Trait Field

pub trait Field:
    Sized
    + Eq
    + Copy
    + Clone
    + Default
    + Send
    + Sync
    + Debug
    + 'static
    + ConditionallySelectable
    + ConstantTimeEq
    + Neg<Output = Self>
    + Add<Output = Self, Output = Self>
    + Sub<Output = Self, Output = Self>
    + Mul<Output = Self, Output = Self>
    + Sum
    + Product
    + for<'a> Add<&'a Self>
    + for<'a> Sub<&'a Self>
    + for<'a> Mul<&'a Self>
    + for<'a> Sum<&'a Self>
    + for<'a> Product<&'a Self>
    + AddAssign
    + SubAssign
    + MulAssign
    + for<'a> AddAssign<&'a Self>
    + for<'a> SubAssign<&'a Self>
    + for<'a> MulAssign<&'a Self> {
    const ZERO: Self;
    const ONE: Self;

    // Required methods
    fn random(rng: impl RngCore) -> Self;
    fn square(&self) -> Self;
    fn double(&self) -> Self;
    fn invert(&self) -> CtOption<Self>;
    fn sqrt_ratio(num: &Self, div: &Self) -> (Choice, Self);

    // Provided methods
    fn is_zero(&self) -> Choice { ... }
    fn is_zero_vartime(&self) -> bool { ... }
    fn cube(&self) -> Self { ... }
    fn sqrt_alt(&self) -> (Choice, Self) { ... }
    fn sqrt(&self) -> CtOption<Self> { ... }
    fn pow<S>(&self, exp: S) -> Self
       where S: AsRef<[u64]> { ... }
    fn pow_vartime<S>(&self, exp: S) -> Self
       where S: AsRef<[u64]> { ... }
}

Expand description

This trait represents an element of a field.

Required Associated Constants§

const ZERO: Self

The zero element of the field, the additive identity.

const ONE: Self

The one element of the field, the multiplicative identity.

Required Methods§

fn random(rng: impl RngCore) -> Self

Returns an element chosen uniformly at random using a user-provided RNG.

fn square(&self) -> Self

Squares this element.

fn double(&self) -> Self

Doubles this element.

fn invert(&self) -> CtOption<Self>

Computes the multiplicative inverse of this element, failing if the element is zero.

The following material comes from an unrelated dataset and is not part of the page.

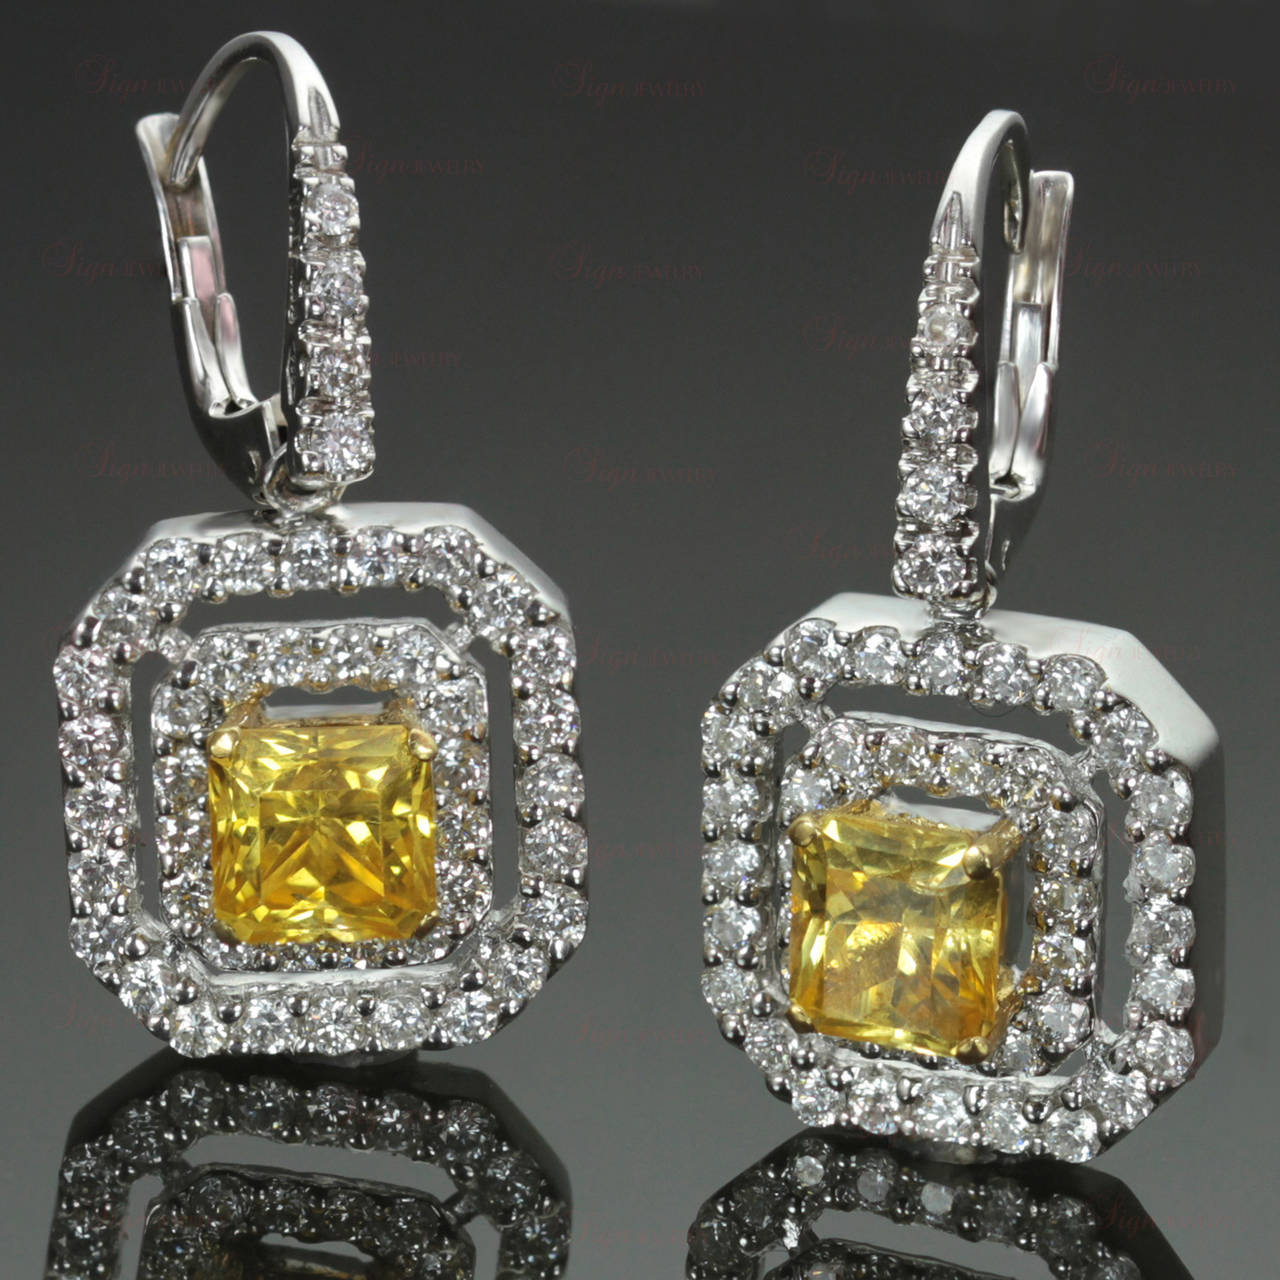 This pair of striking classic earrings features 3 carats natural intense yellow sapphires set in yellow gold with 2.12 carats of VS diamonds set in 18k white gold. Measurements: 0.47" (12mm) width, 1.02" (26mm) length.
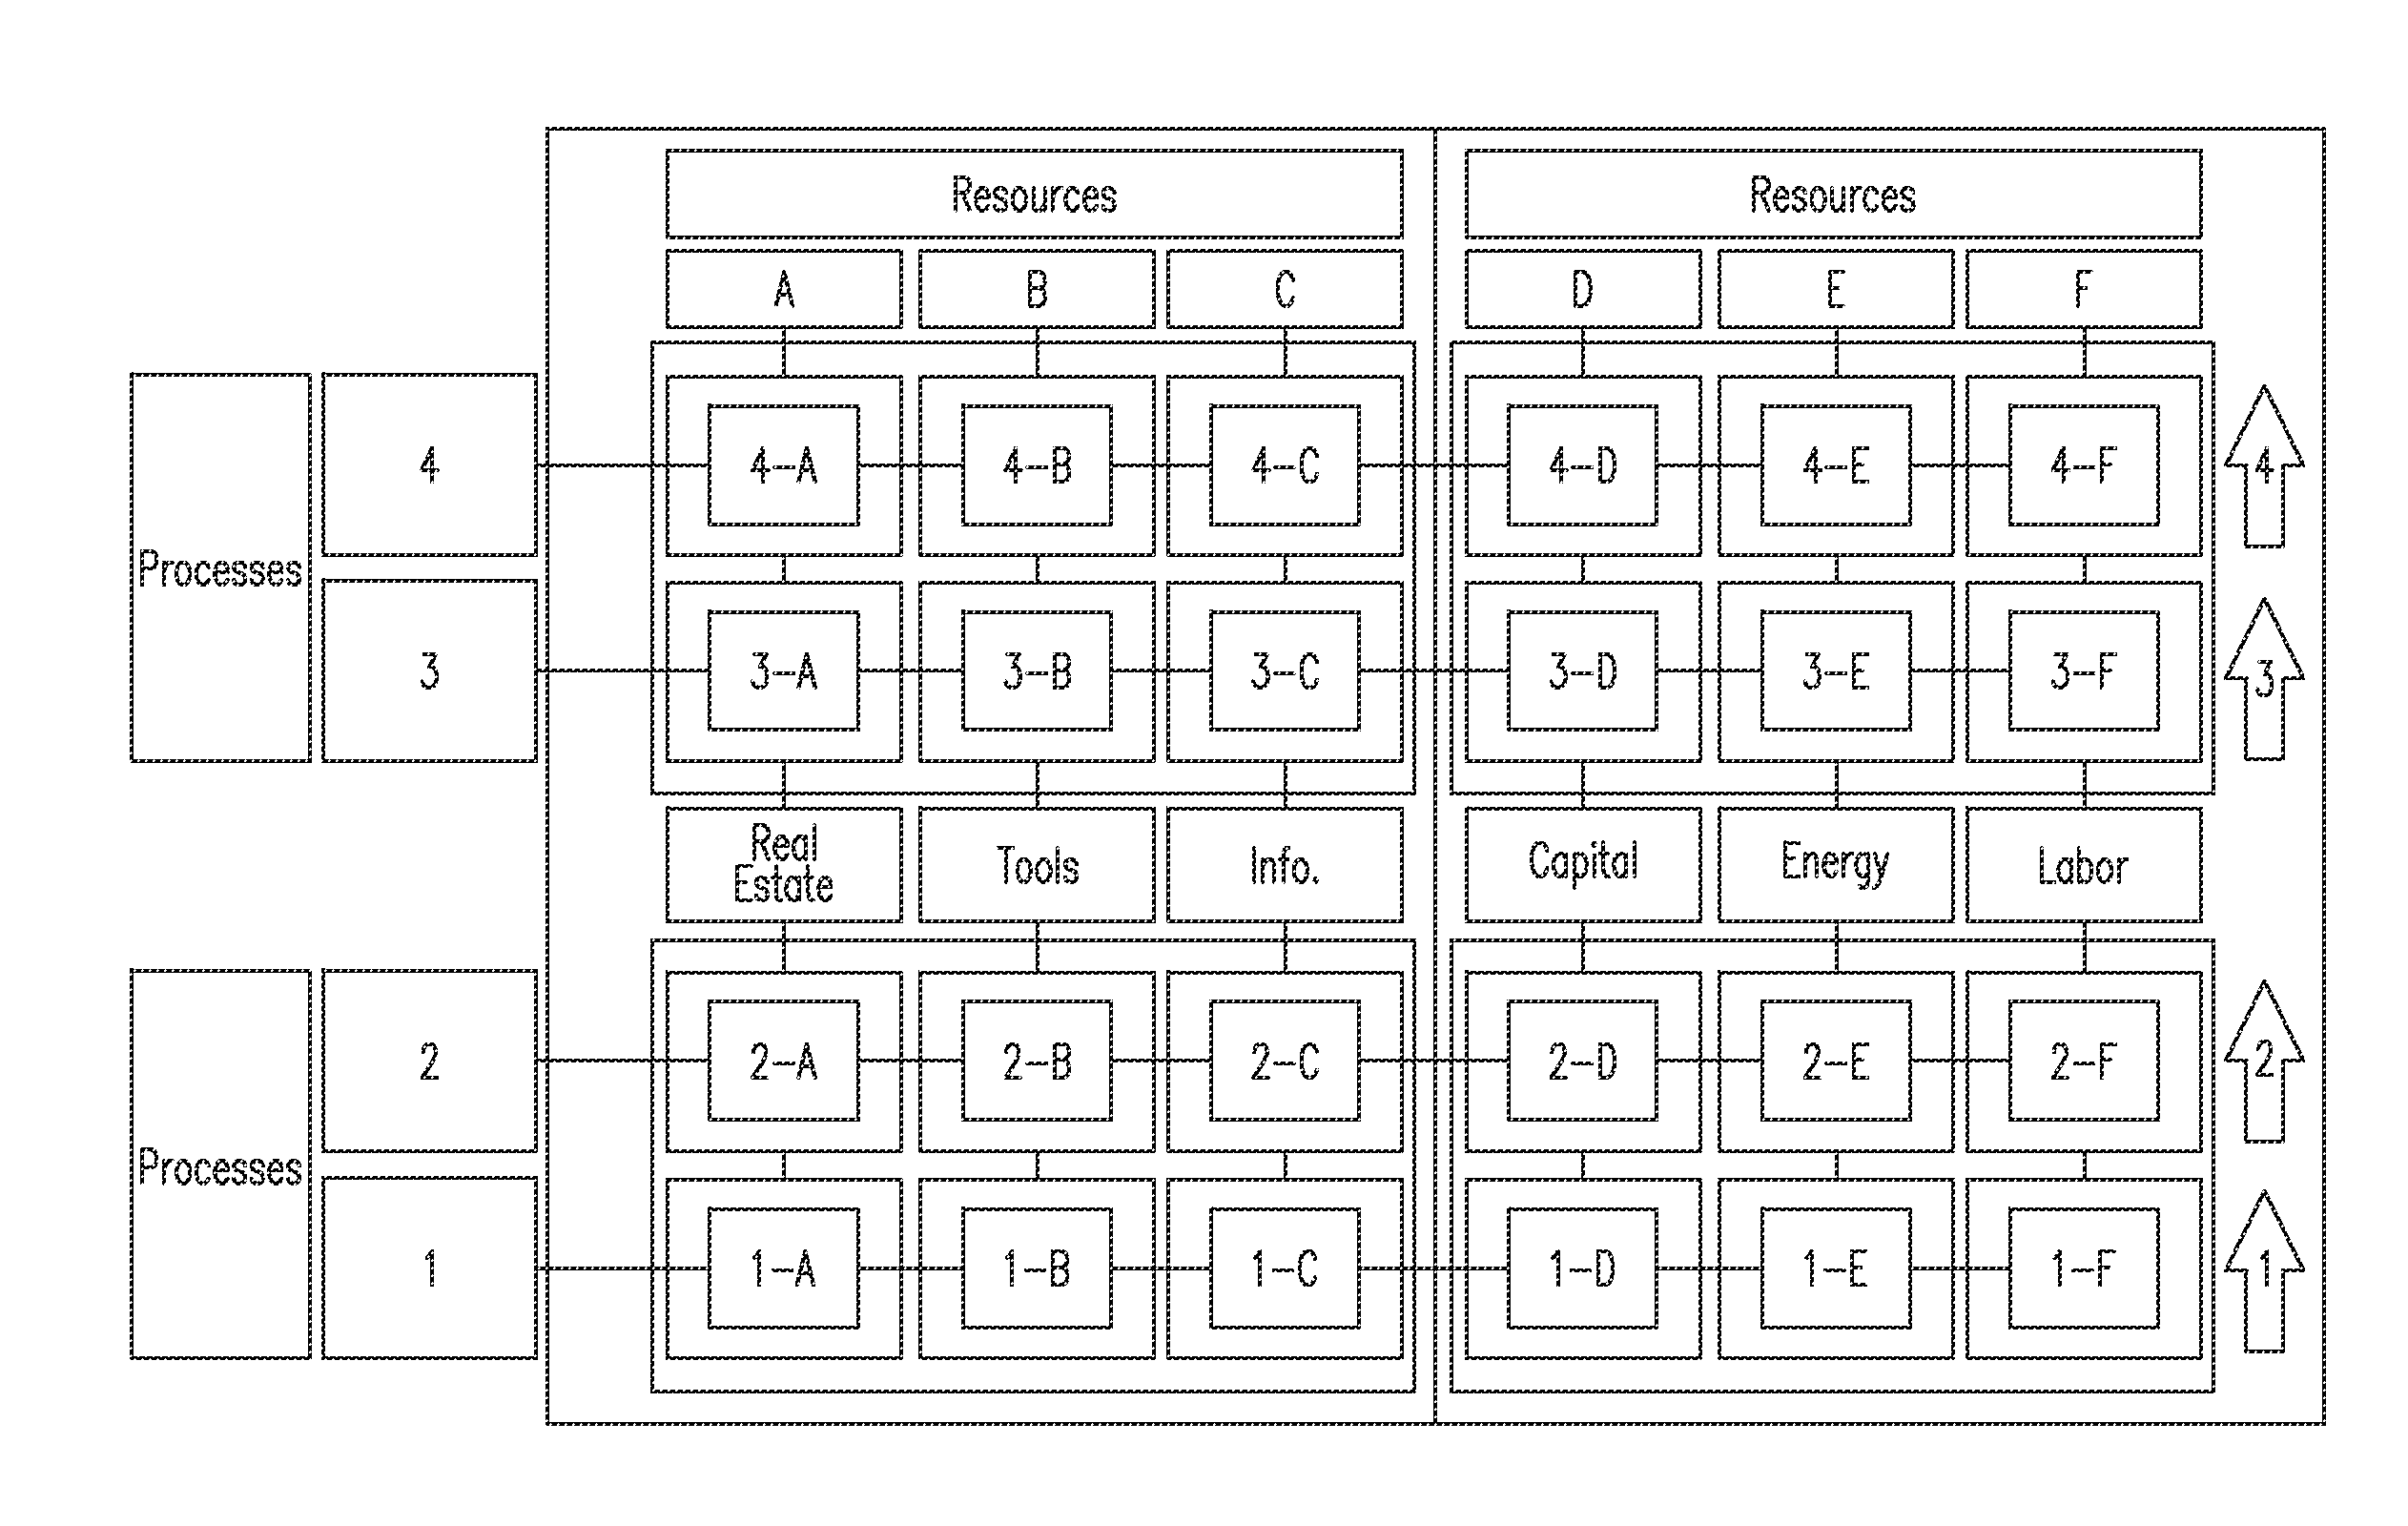 Domain-specific syntax tagging in a functional information system

fn sqrt_ratio(num: &Self, div: &Self) -> (Choice, Self)

Computes:

$(\textsf{true}, \sqrt{\textsf{num}/\textsf{div}})$, if $\textsf{num}$ and $\textsf{div}$ are nonzero and $\textsf{num}/\textsf{div}$ is a square in the field;
$(\textsf{true}, 0)$, if $\textsf{num}$ is zero;
$(\textsf{false}, 0)$, if $\textsf{num}$ is nonzero and $\textsf{div}$ is zero;
$(\textsf{false}, \sqrt{G_S \cdot \textsf{num}/\textsf{div}})$, if $\textsf{num}$ and $\textsf{div}$ are nonzero and $\textsf{num}/\textsf{div}$ is a nonsquare in the field;

where $G_S$ is a non-square.

§Warnings

The choice of root from sqrt is unspecified.
The value of $G_S$ is unspecified, and cannot be assumed to have any specific value in a generic context.

Provided Methods§

fn is_zero(&self) -> Choice

Returns true iff this element is zero.

fn is_zero_vartime(&self) -> bool

Returns true iff this element is zero.

§Security

This method provides no constant-time guarantees. Implementors of the Field trait may optimise this method using non-constant-time logic.

fn cube(&self) -> Self

Cubes this element.

fn sqrt_alt(&self) -> (Choice, Self)

Equivalent to Self::sqrt_ratio(self, one()).

The provided method is implemented in terms of Self::sqrt_ratio.

fn sqrt(&self) -> CtOption<Self>

Returns the square root of the field element, if it is quadratic residue.

The provided method is implemented in terms of Self::sqrt_ratio.

fn pow<S>(&self, exp: S) -> Self
where S: AsRef<[u64]>,

Exponentiates self by exp, where exp is a little-endian order integer exponent.

§Guarantees

This operation is constant time with respect to self, for all exponents with the same number of digits (exp.as_ref().len()). It is variable time with respect to the number of digits in the exponent.

fn pow_vartime<S>(&self, exp: S) -> Self
where S: AsRef<[u64]>,

Exponentiates self by exp, where exp is a little-endian order integer exponent.

§Guarantees

This operation is variable time with respect to self, for all exponent. If the exponent is fixed, this operation is effectively constant time. However, for stronger constant-time guarantees, Field::pow should be used.